Wednesday, May 12, 2010

Out of the Closet, Into the Kitchen?

I saw an ad in this week's NYT Magazine: it was a GE Monogram ad for kitchen appliances, featuring a gay couple--two older, affluent businessmen at home cooking in their nice new GE furnished kitchen. (I am trying to find an image of this ad online, but no success) My first reaction was sheer excitement: finally, non-heterosexual advertising! [Side note: I showed a straight friend: "That's a nice kitchen," he smirked. I wanted to smack him.]

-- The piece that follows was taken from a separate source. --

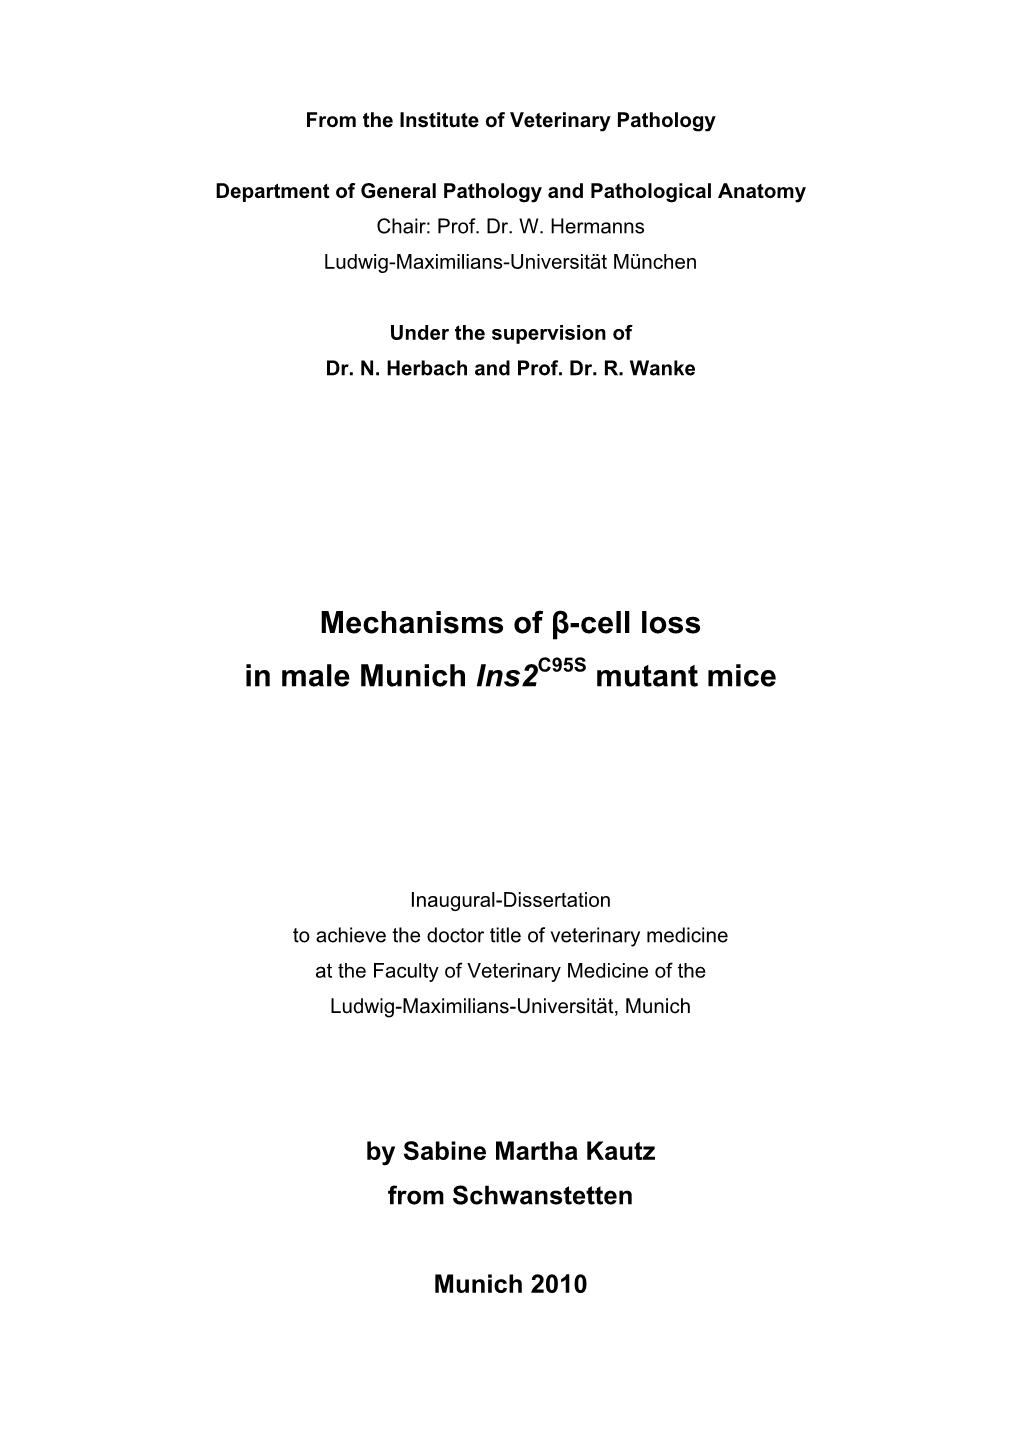 Mechanisms of ß-Cell Loss in Male Munich Ins2c95s Mutant Mice

But I'm having second thoughts about my excitement. Feminism has long decried the portrayal and use of women in advertising: usually for cooking, cleaning, doing laundry, being mothers. Here a gay man [or maybe both men?] has replaced the woman: but is this actually liberating for either? Are gay men simply being feminized, conforming further to social stereotypes of both male homosexuality and of femininity?

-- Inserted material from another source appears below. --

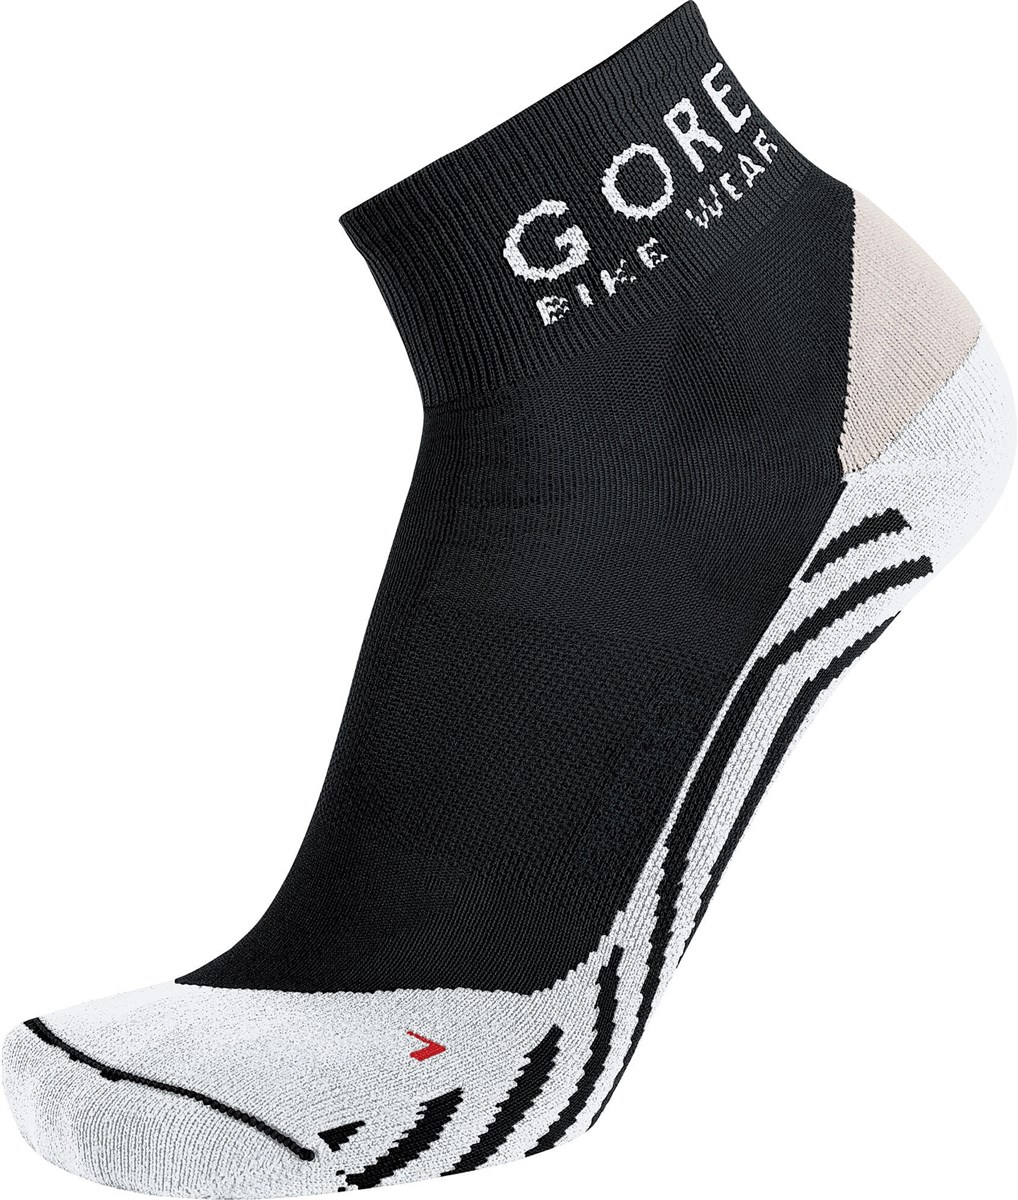 Gore Contest Socks AW17

It seems to me that the heterosexual male is still holding reign over his kingdom. Gay men are being placed into advertising by pushing heterosexual women out. We are sharing the same space, but neither "group" is getting to move into the full realm that we should be (and have been) demanding.

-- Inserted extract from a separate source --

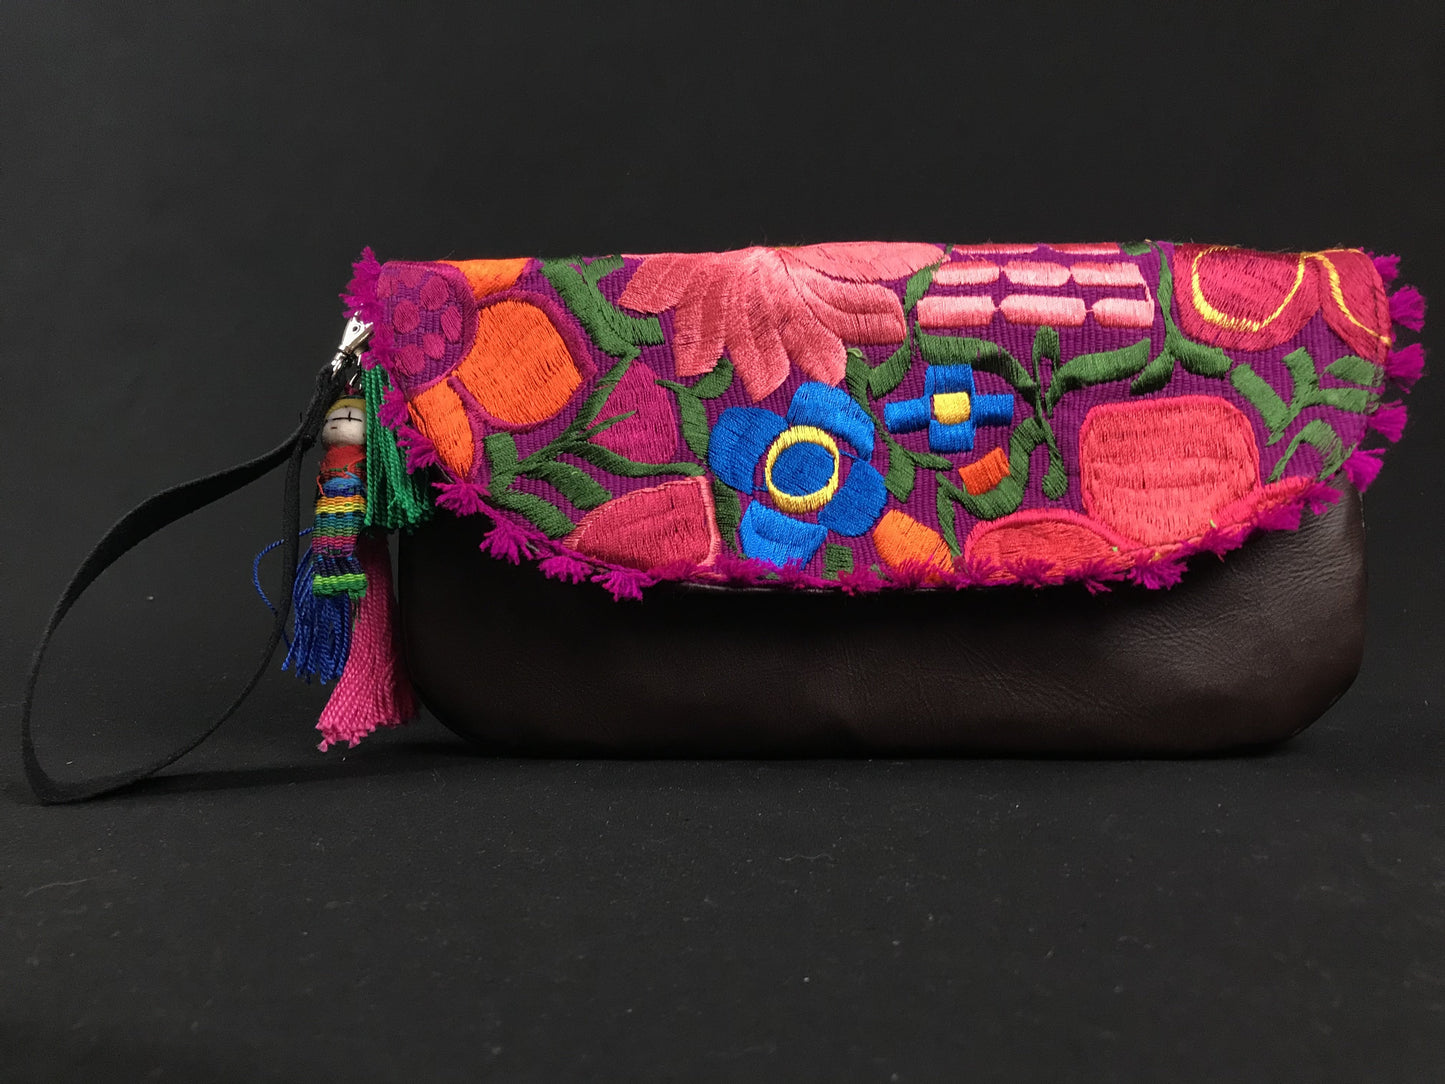 Guie Chiapas Embroidered Leather Wristlet Colores Decor

Maybe this is a (very) small victory for affluent white gay men, who have finally peeked out from the advertising closet. However, I am skeptical. I don't think women, gay men, or anyone else are progressing much further with this ad.

Even further, it is telling that the ad depicts very affluent gay men who can afford such an expensive kitchen. This group--as long as they conform to certain stereotypes--have been pulled to the "inner margins." Not included, but more accepted, tolerated. [The show "How I Met Your Mother" calls them "G-CWOKs."] But what about lesbians? Transgendered persons? Gay men who aren't rich and don't fit into the "G-CWOK" box? I suspect we are a long time coming before we see anyone like this in mainstream advertisements. And we still need to see more gay men and heterosexual women in ads that don't only portray them as typical stereotypes. And that's just advertising; don't get me started on television (though I hinted at it in my HIMYM comment). We have a long way still to go.